Consideration
28 The trial judge summarised and dealt with the parties' submissions as to the meaning of "announced prior to the date of the Symbion Health General Meeting" over some seventeen pages. On appeal the written submissions as to the meaning, in part addressing the trial judge's reasons and in part presenting different considerations, occupied some 28 pages. More was said in oral submissions. The eleven words were given extensive attention. I have had regard to all the arguments, but do not propose to recount all that was said for and against the respective meanings. For the following reasons, the Symbion meaning is to be preferred.
29 The definitions in the Deed included -
"'Symbion Health General Meeting' means the meeting of Symbion Health Shareholders to be convened by Symbion Health as required by clause 7.2."
"'Symbion Health Meeting Date' means the date that the meeting convened by Symbion Health in accordance with clause 7.2 for the purposes of Symbion Health Shareholders approving the Symbion Health Resolutions is held (or, if the meeting is opened and then adjourned, the date on which the voting on the Symbion Health Resolutions takes place (or is concluded, if later)."
30 Clause 7.2(e) provided that Symbion must -
"(e) take all reasonable steps necessary to convene the Symbion Health General Meeting in accordance with Symbion Health's constitution, the Corporations Act, and the Listing rules, so that the Symbion Health Meeting Date occurs substantially in accordance with the Timetable."

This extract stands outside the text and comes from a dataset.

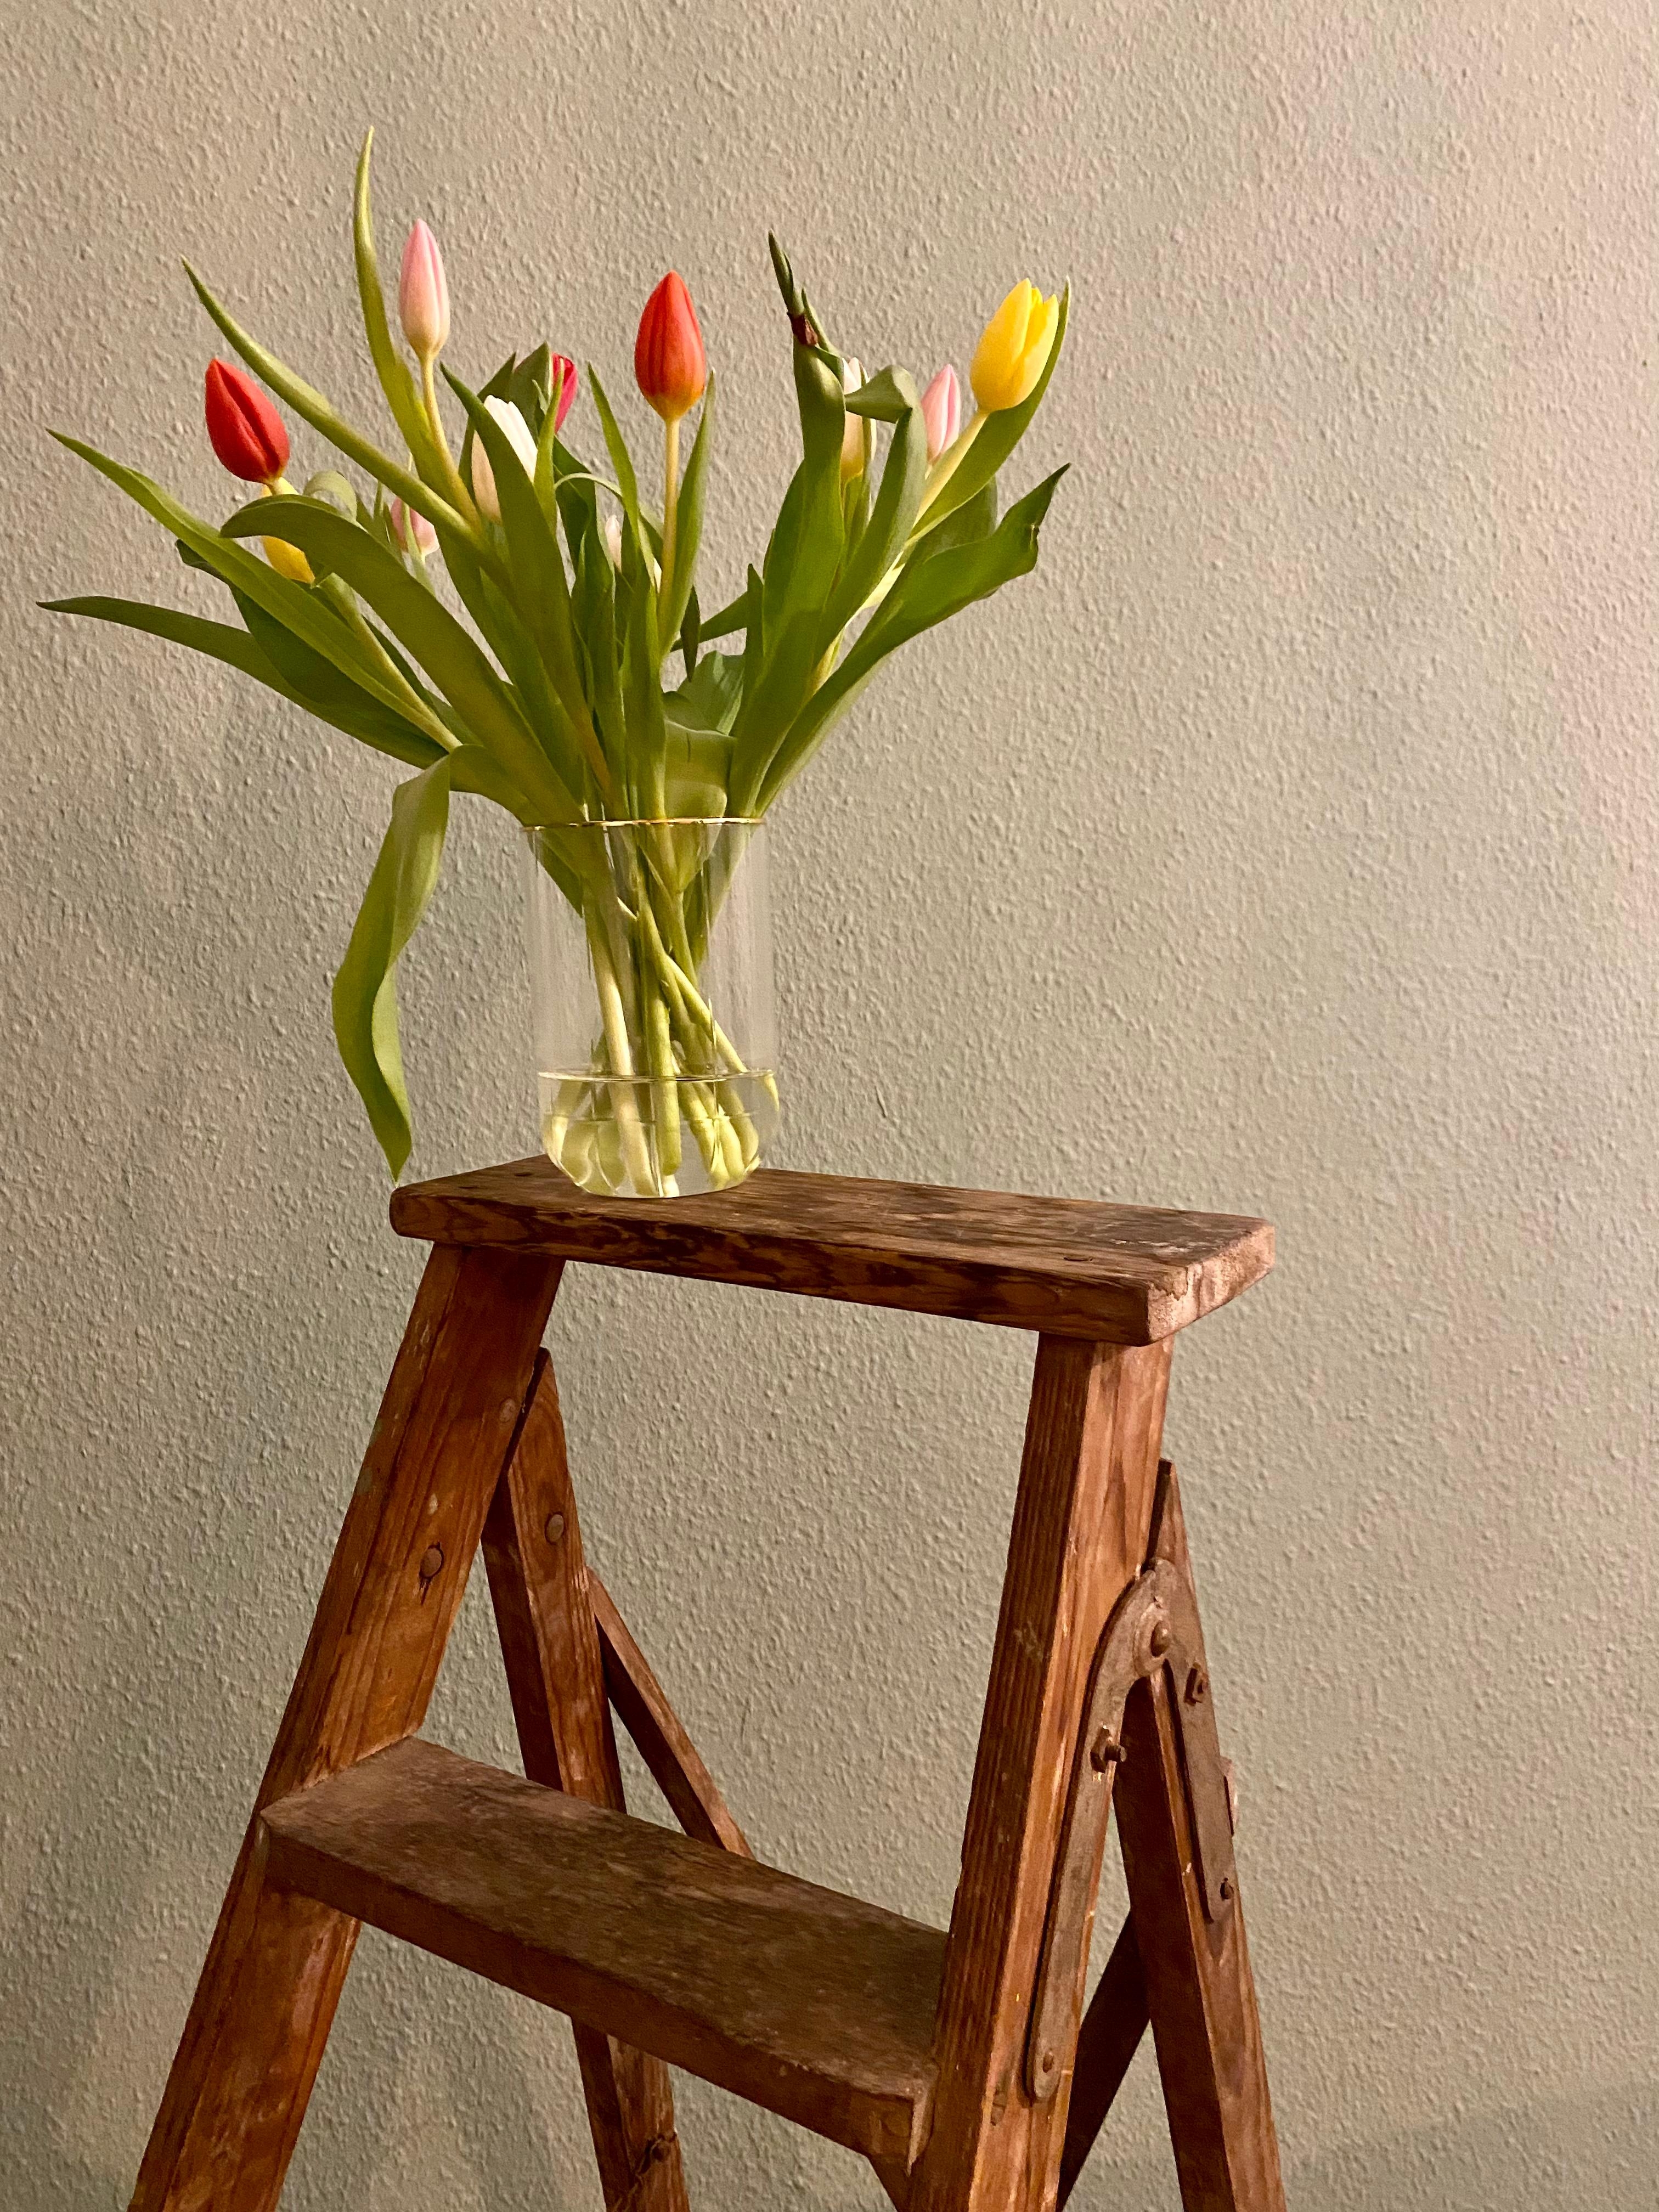 Frühlingsgefühle 🌞🌷
#tulpen #frühling #bunt #blumen #vintage #holzleiter #wandfarbe

31 The timetable was an "indicative timetable" in a schedule to the Deed or such other indicative timetable as the parties agreed. The indicative timetable date for the meeting was 30 November 2007.
32 The Symbion Health General Meeting, although for the future, was an event. It was identified by reference to its convening, and the definition took up the futurity of "to be convened" in the obligation under cl 7.2(e), but it was still an event. The event had a date. The date was spelled out in the definition of the Symbion Health Meeting Date, extending to an adjourned date. The key to the date was when voting on the Symbion Health resolutions was concluded; the reference in cl 7.2(e) to the Symbion Health Meeting Date must be seen with that flexibility.

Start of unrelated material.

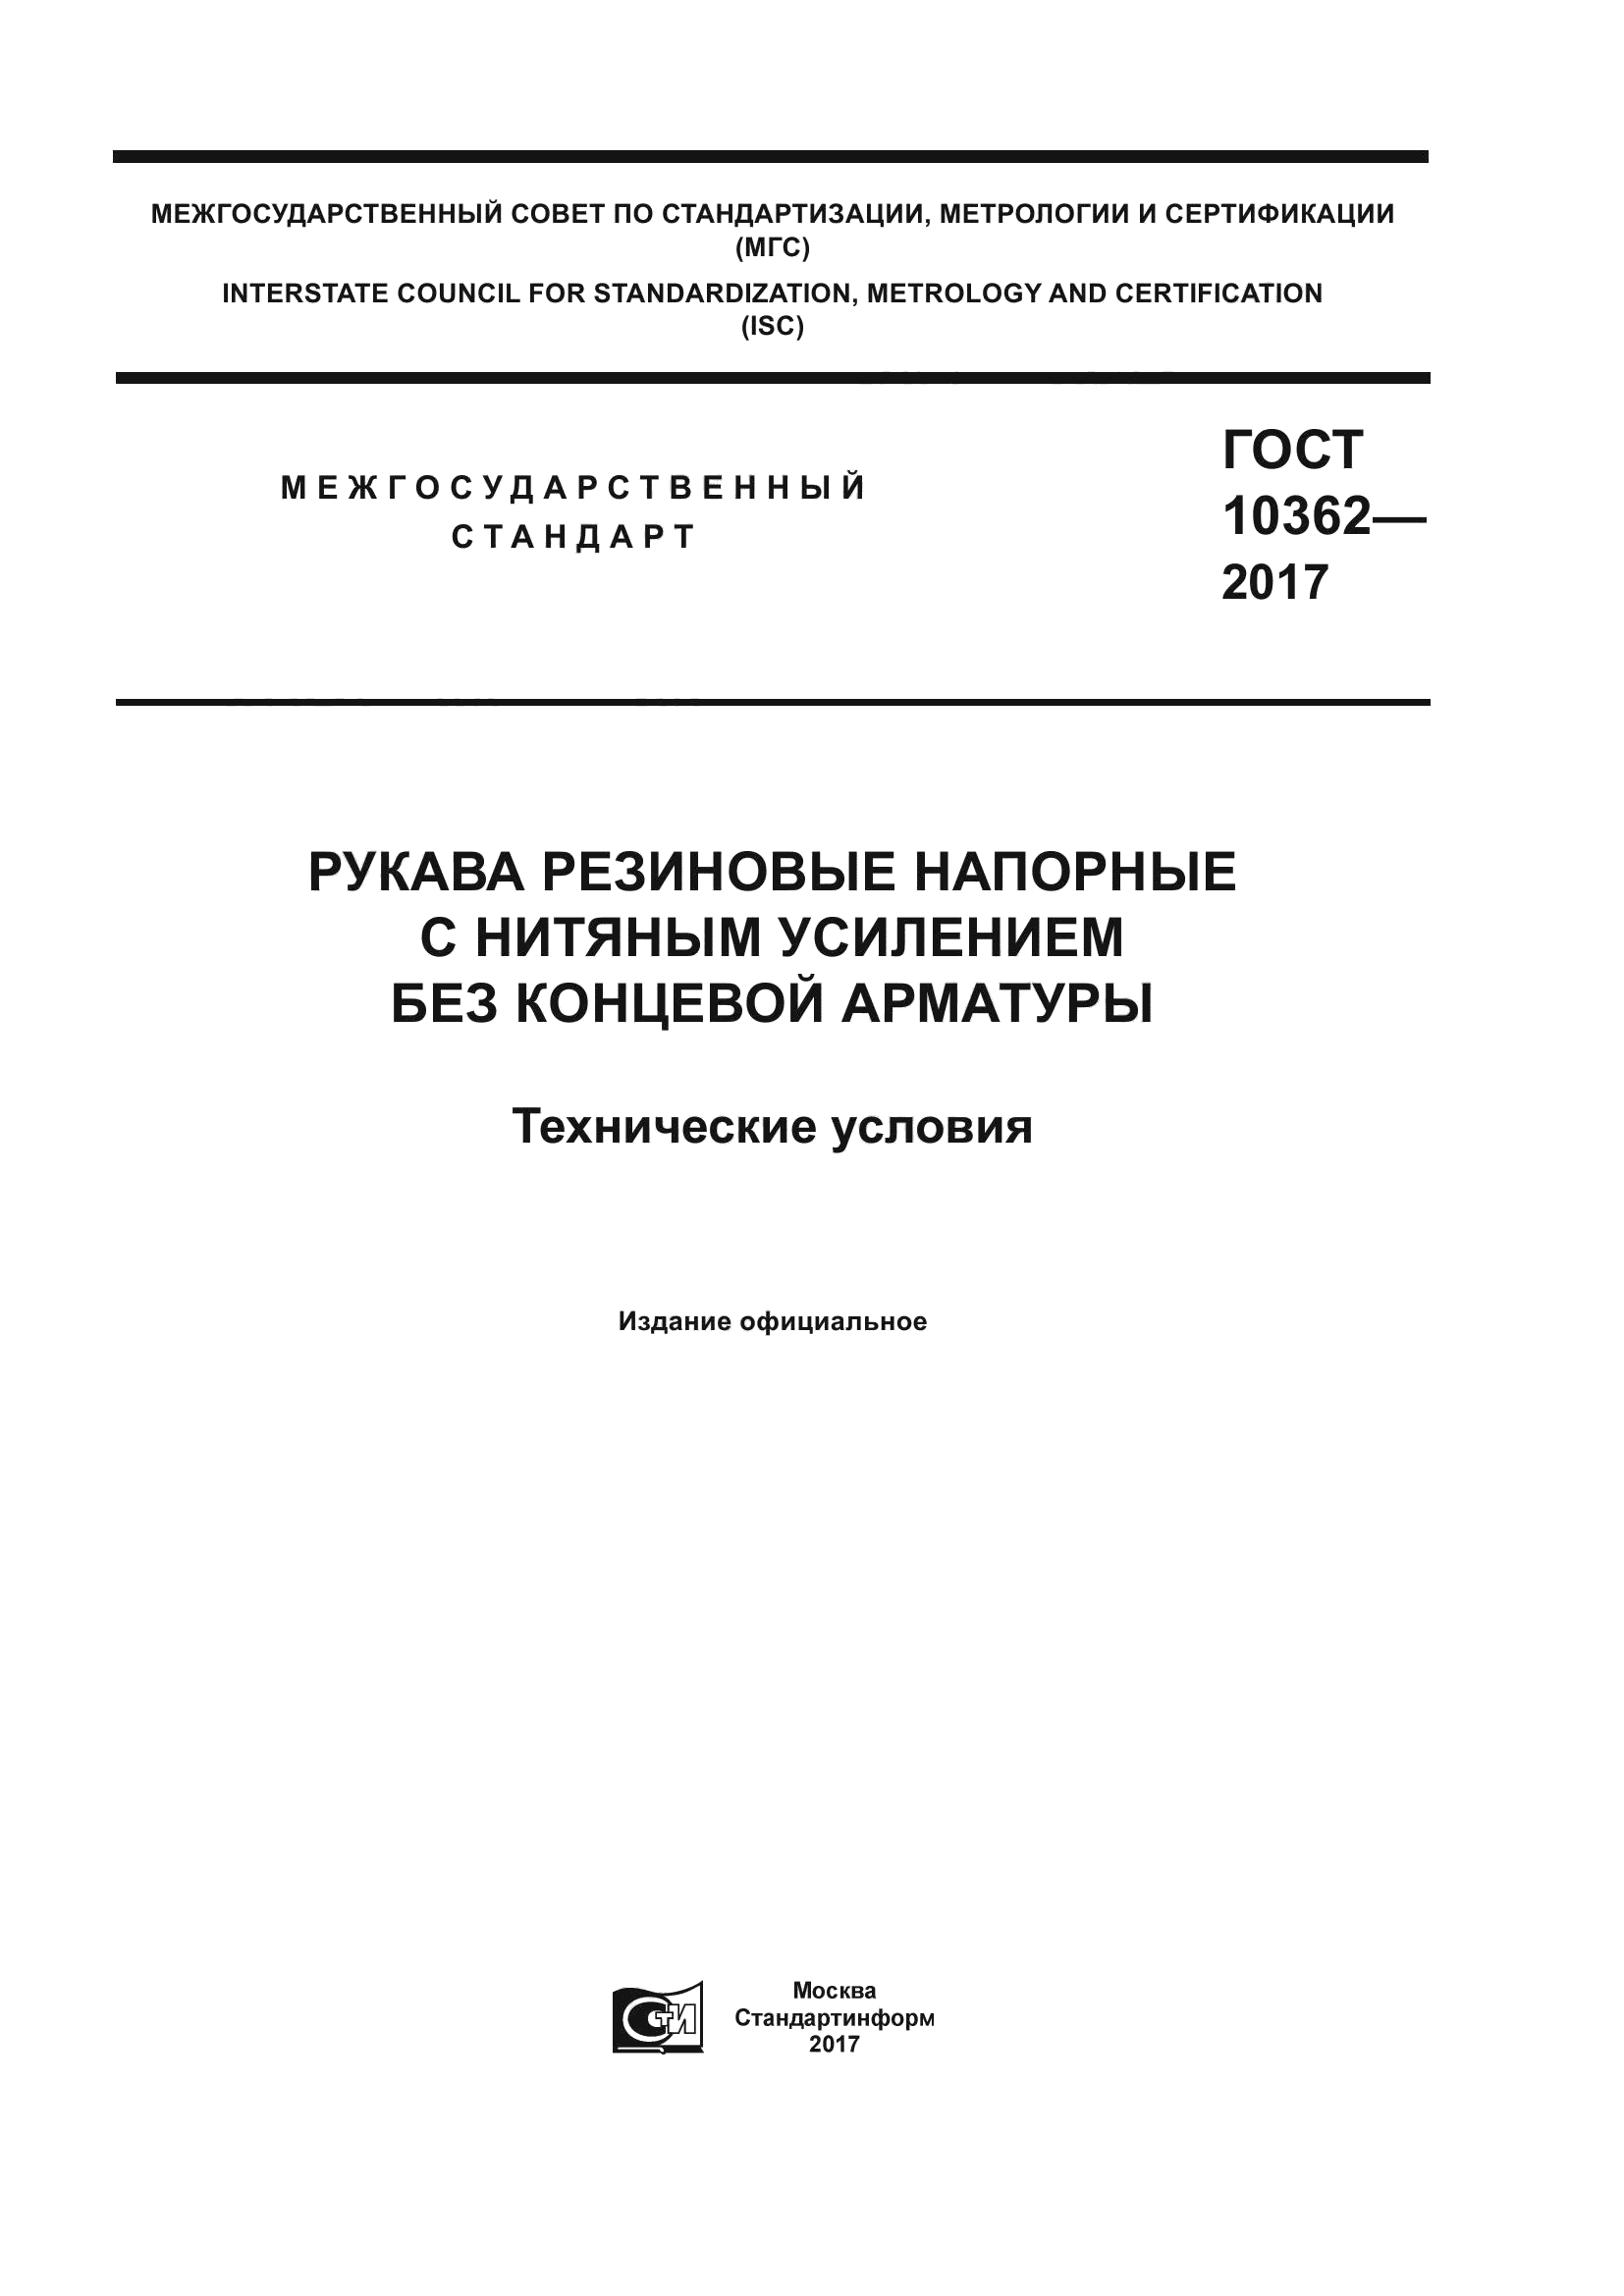 ГОСТ 10362-2017

33 The words "the date of" in cl 13.9(a)(i) and (iii), rather than the words "the date for", were apt for the date of the event. They most naturally referred to the date on which the meeting was held, rather than the date for which it was convened. If the definition of the Symbion Health General Meeting be fed into cl 13.9(a)(i) and (iii), the expanded words were "announced prior to the date of the meeting of Symbion Health Shareholders to be convened by Symbion Health as required by clause 7.2". The date of the event remained, and was given some support by the contrast with the futurity of "to be convened" as part of the identification of the event. A meeting was to be convened; the date of that meeting was the date on which it was held.
34 The defined phrase "Symbion Health Meeting Date" was used frequently in the Deed, for example in provisions that many things were to exist or occur or not occur "before 8.00 am on the Symbion Health Meeting Date". One instance was the condition precedent that the ATO rulings were gazetted or issued before that time on that date (cl 4.1(m), (n)).
35 The Deed also used the words "the date on which the Symbion Health General Meeting was originally convened by Symbion Health to be held" (cl 1.1, definition of Healthscope VWAP Period), "the date on which the Symbion Health General Meeting has been scheduled to be held" (cl 4.7(a)(i)A, cl 4.7(a)(ii)); "the date on which [the Symbion Health Meeting [sic]] was first scheduled to be held" (cl 13.9(c)(iii) B); and "the date on which [the Symbion Health General Meeting] was scheduled to be held" (cl 15.2(f)).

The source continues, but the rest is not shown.